ÉDITORIAL
Med Pal 2005; 4: 51-52 © Masson, Paris, 2005, Tous droits réservés
Ouvrir le dialogue Bernard-Marie Dupont
À
certains abonnés, il pourra apparaître surprenant, voire paradoxal, de lire dans une revue consacrée aux soins palliatifs et à l’accompagnement des personnes en fin de vie, un article du président de l’ADMD1, Jean Cohen. À cela, deux explications. Comme il l’écrit lui-même dans sa conclusion : « un dialogue est-il possible entre les soins palliatifs et les défenseurs de l’euthanasie ? Ma réponse est positive ». C’est également notre avis. Comme l’ont montré les séances publiques à l’Assemblée nationale des 26 et 30 novembre 2004, relatives aux débats sur la fin de vie, le temps de l’invective peut être remplacé par celui de l’authentique discussion. Bien évidemment, débattre ne signifie pas cautionner. Il s’agit pour nous de libérer un espace de réflexion pour une pensée sans doute différente de la nôtre. Dans notre esprit, cette confrontation ne peut être qu’enrichissante dans la mesure où elle nous oblige (moralement) à entendre la parole de l’Autre, à la considérer comme respectable et à y répondre (voire à s’y opposer) avec de vrais arguments ne laissant que peu de place (toujours trop) au jugement a priori. Respectable, notre ami Jean Cohen l’est aussi. Gynécologue de réputation internationale, homme de cœur et de générosité, toute sa vie et sa carrière sont marquées par le souci de l’Autre. Il sait ce que le mot exclusion signifie au quotidien, mais il a toujours voulu, à la manière de Spinoza, poser les vraies questions, sans haine et sans volonté de revanche. Comme l’affirmait le philosophe, en ce qui concerne les hommes, il ne faut pas rire, ni pleurer, mais comprendre. Nous avons lu et apprécié son article, pour sa clarté et sa rigueur. Il appellera sans doute des commentaires ; nous nous permettons d’en apporter quelques-uns et de tempérer certaines affirmations de Jean Cohen. Non, toutes les fins de vie ne s’accompagnent pas de leur « cortège de douleur, de souffrance, de mal être, d’indignité ». Si la fin de vie n’est jamais un temps facile, même dans les unités de soins palliatifs, nous contestons l’idée d’une mort, de toute mort, nécessairement dramatique, violente et indigne. À l’affirmer, les membres de l’ADMD prennent le risque de réactiver à tort la grande peur médiévale de la mort, passage nécessairement traumatisant vers l’au-delà.

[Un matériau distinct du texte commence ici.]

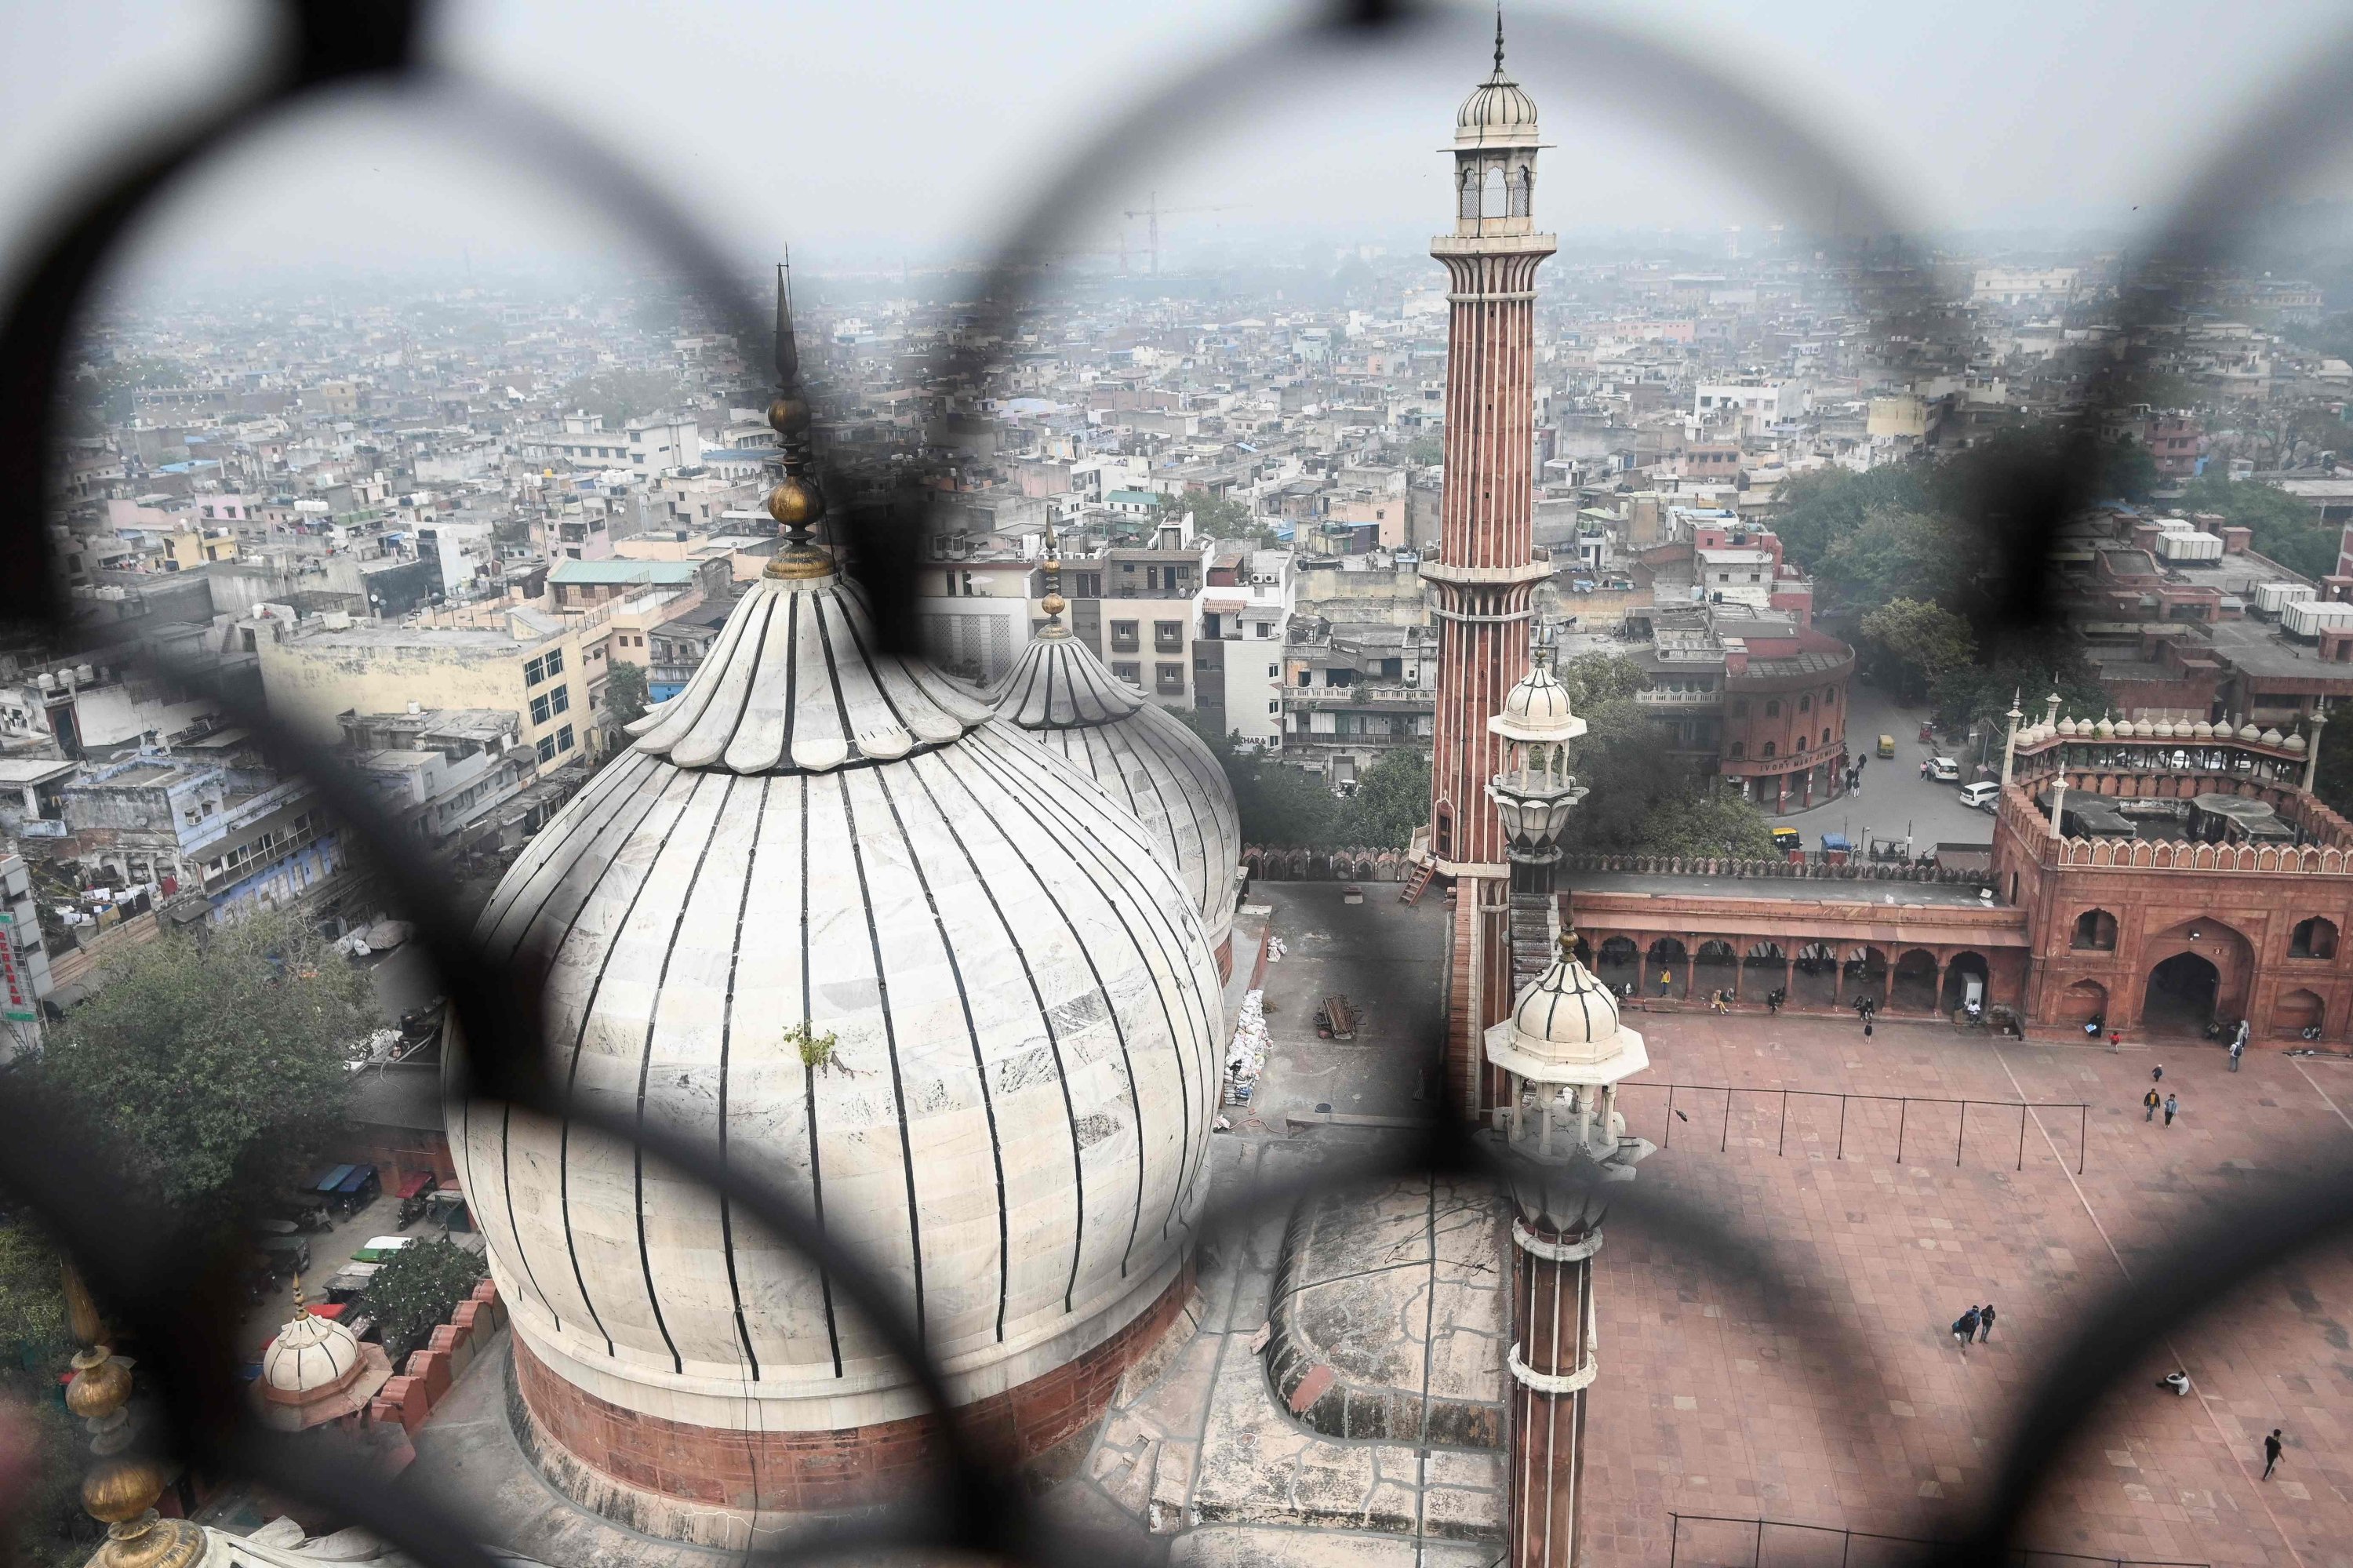 A general view of the walled city pictured amid smoggy conditions from a tower of the Jama Masjid mosque in the old quarter of Delhi, India, Dec. 5, 2021. (AFP Photo)

Jean Cohen a raison d’écrire que la notion d’intention est essentielle. On ne peut d’ailleurs que regretter qu’elle soit si peu présente dans la philosophie française. Nous devons à la philosophe anglaise Élisabeth Anscombe, un livre décisif sur le sujet, éclairant à plus d’un titre et dont la traduction a enfin été réalisée en France par Cyrille Michon 2. Mais nous sommes en désaccord profond avec Jean Cohen lorsque, mentionnant le principe du double effet, il assimile l’intention des soignants des unités palliatives à de la duplicité, voire à de l’hypocrisie. Non, l’administration de drogues à doses massives, à visée sédative, n’est pas synonyme nécessairement d’euthanasie passive. L’une des questions, essentielles, que pose Jean Cohen, est celle de la dignité. Nous partageons avec lui un certain nombre d’interrogations qui, si elles ne nous font pas douter de l’existence d’une dignité humaine, montrent bien la difficulté à la définir : sur quels critères ? Est-il encore possible d’exprimer des valeurs universelles ? Comment ne pas sombrer dans la relativité la plus totale ? Enfin, si l’autonomie du patient est souvent mise en avant comme raison nécessaire et suffisante par le défenseur de l’euthanasie et du suicide médicalement assisté, il nous semble que la confusion avec sa version radicalisée, l’indépendance, est parfois bien réelle. L’indépendance est le caractère d’une personne qui refuse les contraintes, les influences ou les règles établies. Cette position n’est accessible qu’idéalement. En effet l’être humain, qu’il soit soignant ou soigné, baigne toujours (même avant sa naissance) dans une culture, une langue et un parcours. Le médecin inscrit sa pratique dans une histoire de la pensée médicale, dans une idéologie dominante ; le malade inscrit son vécu dans une histoire personnelle et sociale. Il sait ou perçoit d’une manière ou d’une autre ses revendications, ses devoirs et ses droits. Même indépendants (à un titre ou à un autre), le soignant et le soigné ne sont jamais seuls au monde à moins de vouloir ou pouvoir disposer sur les autres d’un pouvoir absolu. Souvenons-nous des rapports du maître et de l’esclave et de l’équation qui les gouverne. L’indépendance du maîAdresse pour la correspondance : Bernard-Marie Dupont, BP 21, 62520 Le Touquet.
Médecine palliative
Dupont BM. Ouvrir le dialogue. Med Pal 2004; 4: 51-52.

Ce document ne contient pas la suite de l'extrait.